Dopo aver scritto un'autobiografia "Storia di un uomo", a sessant'anni nel
1971, pubblica il suo primo romanzo, "L'amico ritrovato" che ottiene un
immediato successo, tanto che il libro e' ben presto diffuso in tutta Europa
suscitando ovunque lo stesso entusiasmo della critica e dei lettori.
L'amico ritrovato e' considerato uno dei testi più significativi sul nazismo
in Germania e sull'intensa amicizia fra due ragazzi. Il tema
dell'inevitabile e dolorosa ambivalenza dei legami con il passato ritorna
anche nelle opere successive di Uhlman, tra le quale ricordiamo "Niente
resurrezioni per favore" (1979) e "Un'anima non vile" (1979). Uhlman muore a
Londra nel 1985.
L'amico ritrovato
Germania, 1933: due ragazzi sedicenni frequentano la stessa scuola
esclusiva. Uno è Hans Schwarz, figlio di un medico ebreo, l'altro è Konradin
von Hohenfels, di ricca famiglia aristocratica. Sono molto diversi e
lontani, ma poco a poco nasce tra loro una profonda amicizia, che durerà il
breve spazio di un anno: iniziano le persecuzioni contro gli ebrei,
l'antisemitismo si diffonde, a scuola Hans è sempre più isolato tra i
compagni e con i professori, anche la famiglia di Konradin si schiera con
Hitler. I genitori di Hans riescono a mandarlo al sicuro in America presso
un parente, e là vivrà senza sapere più nulla di Konradin per trent'anni,
fino a che inaspettatamente non scopre che le loro strade non si erano
separate come aveva creduto, e che l'amico di un tempo non era stato un
amico perso. Venuto a sapere del sacrificio compiuto dall'amico (che era
stato giustiziato per aver preso parte al complotto contro Hitler), può
riconciliarsi finalmente con la sua memoria.

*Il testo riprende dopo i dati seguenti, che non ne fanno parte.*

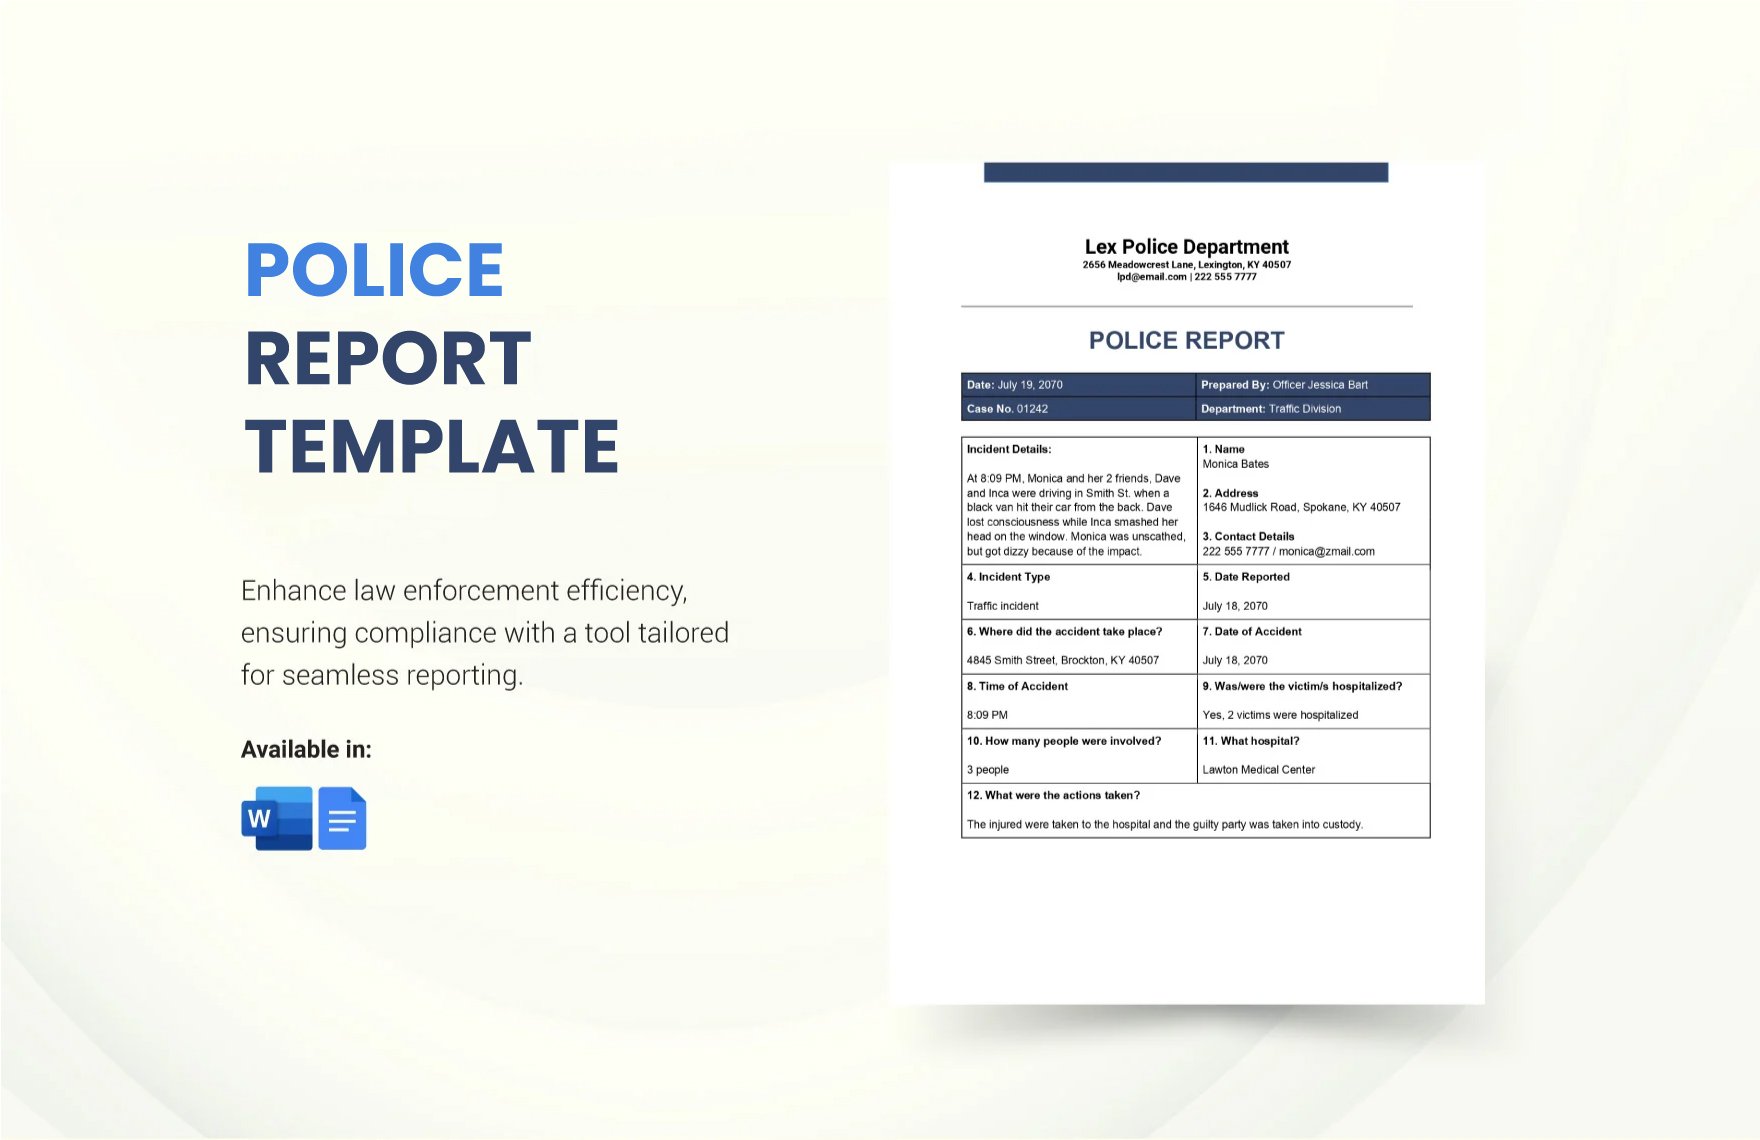 Police Report Template in Word, Google Docs

"Entro' nella mia vita nel febbraio del 1932 per non uscirne piu'. Da allora
e' passato piu' di un quarto di secolo, piu' di novemila giorni tediosi e
senza scopo, che l'assenza della speranza ha reso tutti ugualmente vuoti -
giorni e anni, molti dei quali morti come le foglie secche su un albero
inaridito.
Ricordo il giorno e l'ora in cui il mio sguardo si poso' per la prima volta
sul ragazzo che doveva diventare la fonte della mia piu' grande felicita' e
della mia piu' totale disperazione. Fu due giorni dopo il mio compleanno,
alle tre di uno di quei pomeriggi grigi e bui, caratteristici dell'inverno
tedesco. Ero al Karl Alexander Gymnasium di Stoccarda, il liceo piu' famoso
del Wurttemberg, fondato nel 1521, l'anno in cui Lutero comparve davanti a
Carlo V, imperatore del Sacro Romano Impero e re di Spagna."